D’autres volontaires parmi les riverains ont également adhéré à l’action
des sapeurs-pompiers. Cependant, l’autre camion-citerne d’incendie (CCI)
a été maintenu sur place pour parer aux feux en cas de reprise. Mais, le
CCI mobilisé a vite épuisé ses réserves. Pis encore, il ne pourra plus
accéder aux surfaces parcourues par les flammes. «Les feux de forêt
nécessitent des bombardiers d’eau. Si nous disposions de canadairs, ces
feux ne devraient pas parcourir toute cette flore», déplore l’un des
pompiers qui ont poursuivi, avec courage, faut-il le signaler, leur
travail, manuellement, à l’aide de branches feuillies d’eucalyptus. En
dépit du massif rocheux, les flammes ont continué de ravager les
terrains de parcours et ce, jusqu’à la limite de la forêt.
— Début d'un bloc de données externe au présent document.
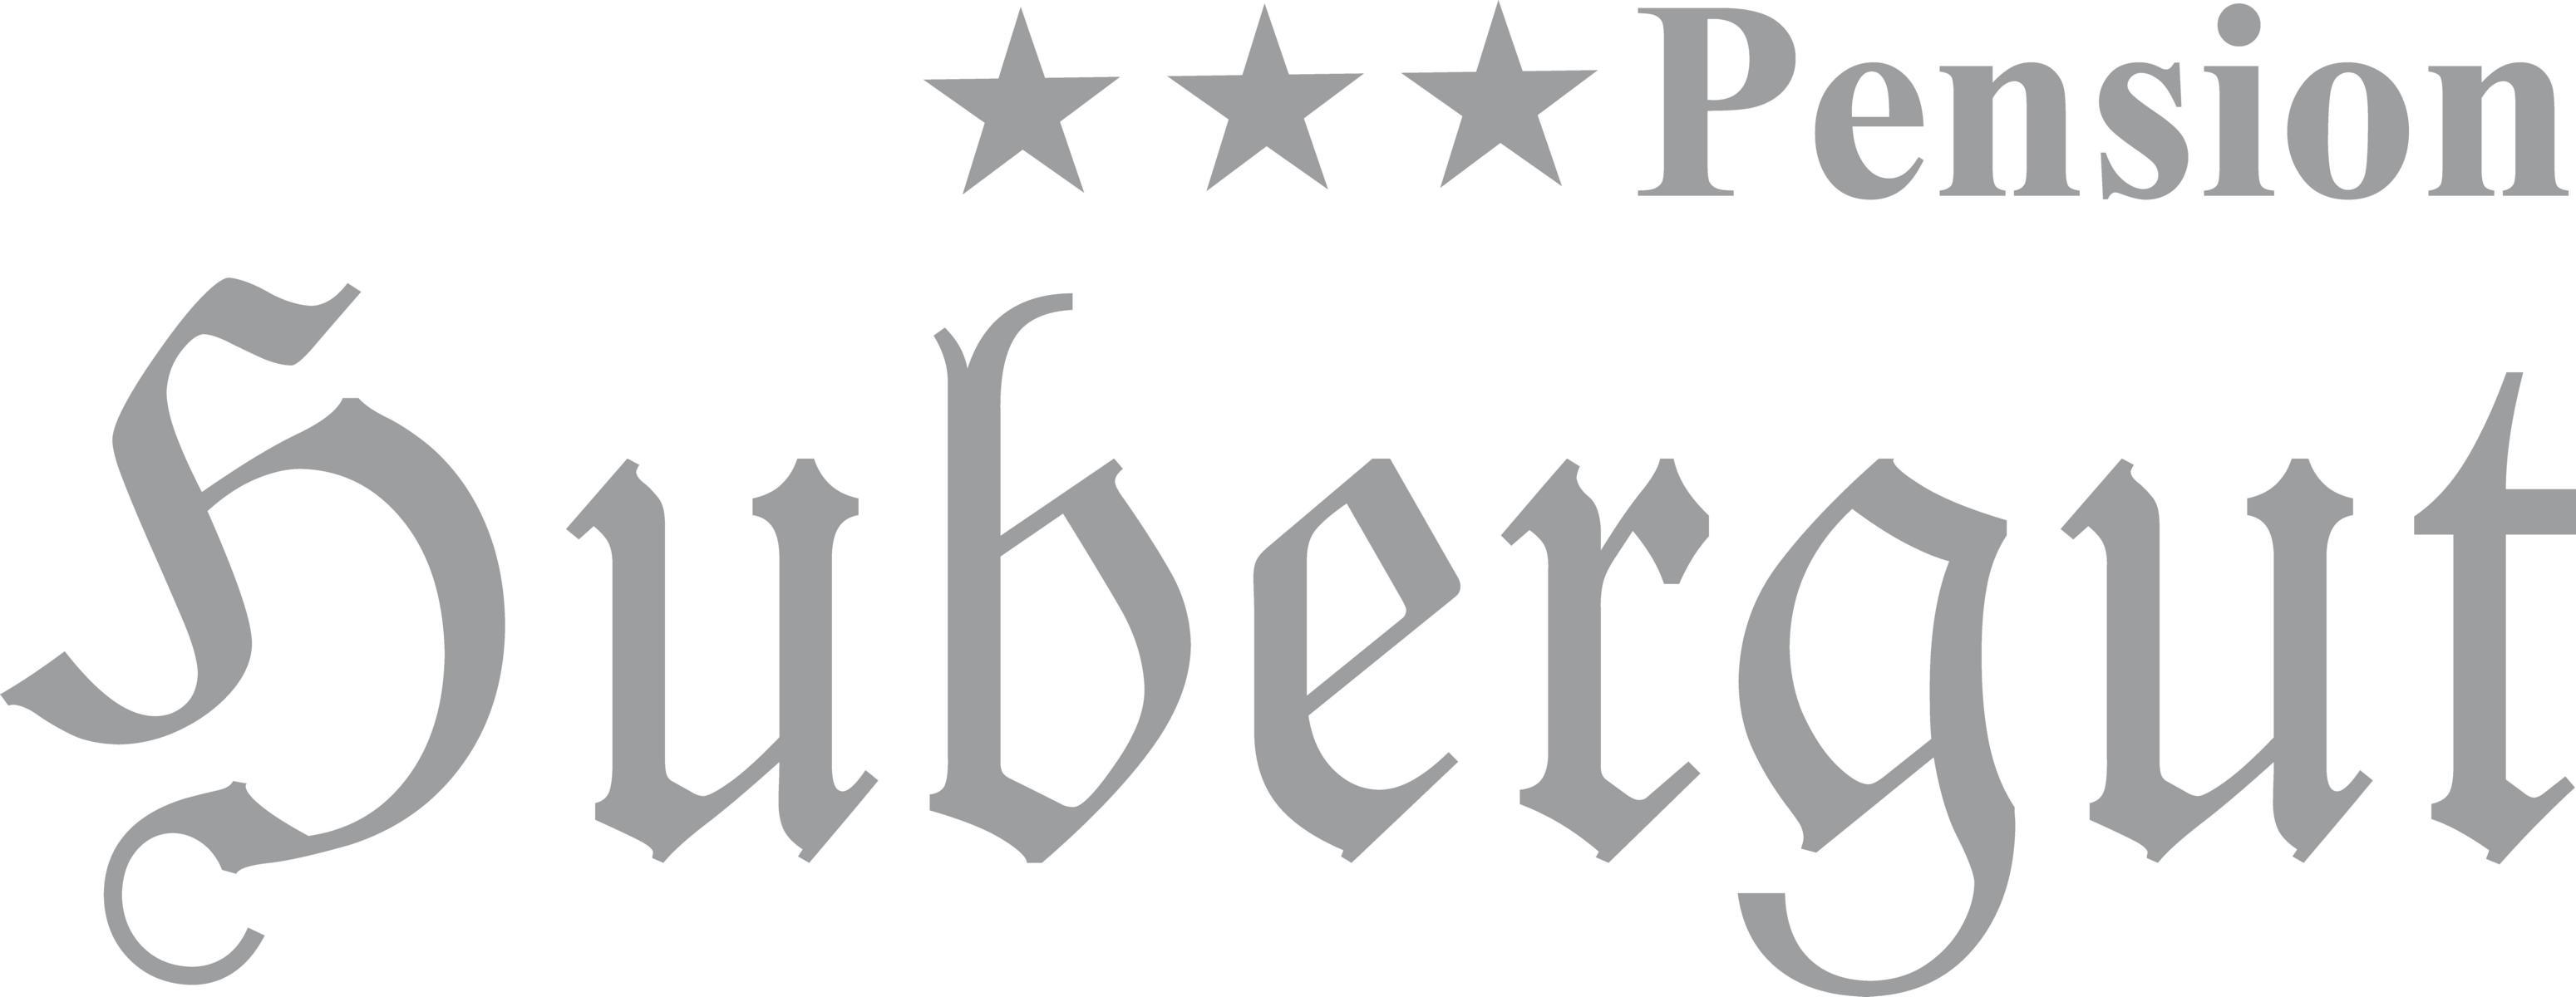 Hubergut Logo

Vers les
coups de 16h30, elles attaquèrent les arbres sous le regard impuissant
de tous les présents. Débordés, les pompiers comme les gardes forestiers
n’avaient plus qu’à espérer un miracle. Fort heureusement, une fois de
plus, les Japonais décident d’intervenir. Ils avaient déjà, il y a
quelques jours, participé à la sauvegarde de cette forêt. Des bulldozers
appartenant à un sous-traitant de Oued-Souf commencent vers 17h10 à
niveler la terre pour barrer la route aux flammes. Le feu a été ainsi
maîtrisé vers 18h. Une demi-heure plus tard, une petite reprise est
signalée et est rapidement circonscrite, manuellement par les pompiers.
Bilan : plus de 50 hectares de pâturages et pas moins de 5 autres de
forêt ont été dévastés.
L. H.
Un bilan alarmant
Le feu qui s’est déclenché dimanche dernier à la forêt de
Djebel-El-Ouahch fut le 26e sinistre à Constantine depuis l’avènement de
la période des grandes chaleurs. En fait, le bilan est très lourd et les
origines de ces flammes ne sont pas encore identifiées. La surface
parcourue par les flammes est de 1 474 hectares dont 165 hectares de
forêt, 1 163,5 hectares de broussailles et 145,5 hectares de pâturages.
Ainsi, la forêt de Djebel-El- Ouahch, Draâ-E-Nagha, El-Meridj,
El-Djebbas, Hadj-Baba Chettaba ont été, toutes, partiellement dévastées
par les flammes. Des sites paradisiaques classés zones d’expansion
touristique ayant vu leurs richesses florales endommagées. Des milliers
d’arbres de pin d’Alep, de chêne-liège, d’eucalyptus, de chênes… ont été
réduits en cendres. Ces chiffres restent, cependant, approximatifs dans
la mesure où les moyens utilisés par la Conservation des forêts dans
l’estimation des dégâts sont caducs. Si les surfaces forestières
ravagées sont calculées en fonction du nombre des sujets calcinés,
précisément 150 arbres par hectare, celles des broussailles et des
pâturages sont estimées à l’œil, autrement dit, c’est l’expérience des
gardes forestiers qui détermine l’ampleur des pertes. Aussi, la
Conservation des forêts fait des levés topographiques par un théodolite
et calcule les dégâts en fonction de l’échelle des cartes géographiques
exploitées. Cette méthode, selon un forestier, prend beaucoup de temps
et de ce fait, son administration compte amplement sur l’expérience de
ses agents. Par ailleurs, la Conservation des forêts a lancé bien avant
la période des grandes chaleurs une campagne de sensibilisation auprès
des agriculteurs. Cette campagne a été couplée à un plan d’action qui
consiste dans la réquisition des moyens matériels des entreprises
publiques et privées implantées à proximité des forêts et ce, en cas de
catastrophe. Mais la portée de ce plan est limitée parce que les moyens
d’intervention aussi bien matériels qu’humains, de la Conservation des
forêts comme ceux de la Protection civile sont inadaptés à ce genre de
sinistres et aussi, insuffisants. Il est également à signaler que le
bilan des feux de récoltes n’est pas mince, voire jamais atteint à
Constantine par le passé. La canicule ayant touché la région ces
derniers mois ainsi que la bêtise humaine ont provoqué des centaines de
foyers de feu à travers le territoire de la wilaya qui ont ravagé des
milliers d’hectares de céréales. La Protection civile a enregistré 276
interventions et comptabilisé 3596 hectares de pertes dont 1097 hectares
de blé dur, 1131 h de blé tendre, 282 h d’orge, 53h d’avoine et 1018h de
chaume en plus de 49 602 bottes de foin et 2 289 arbres fruitiers. L. H.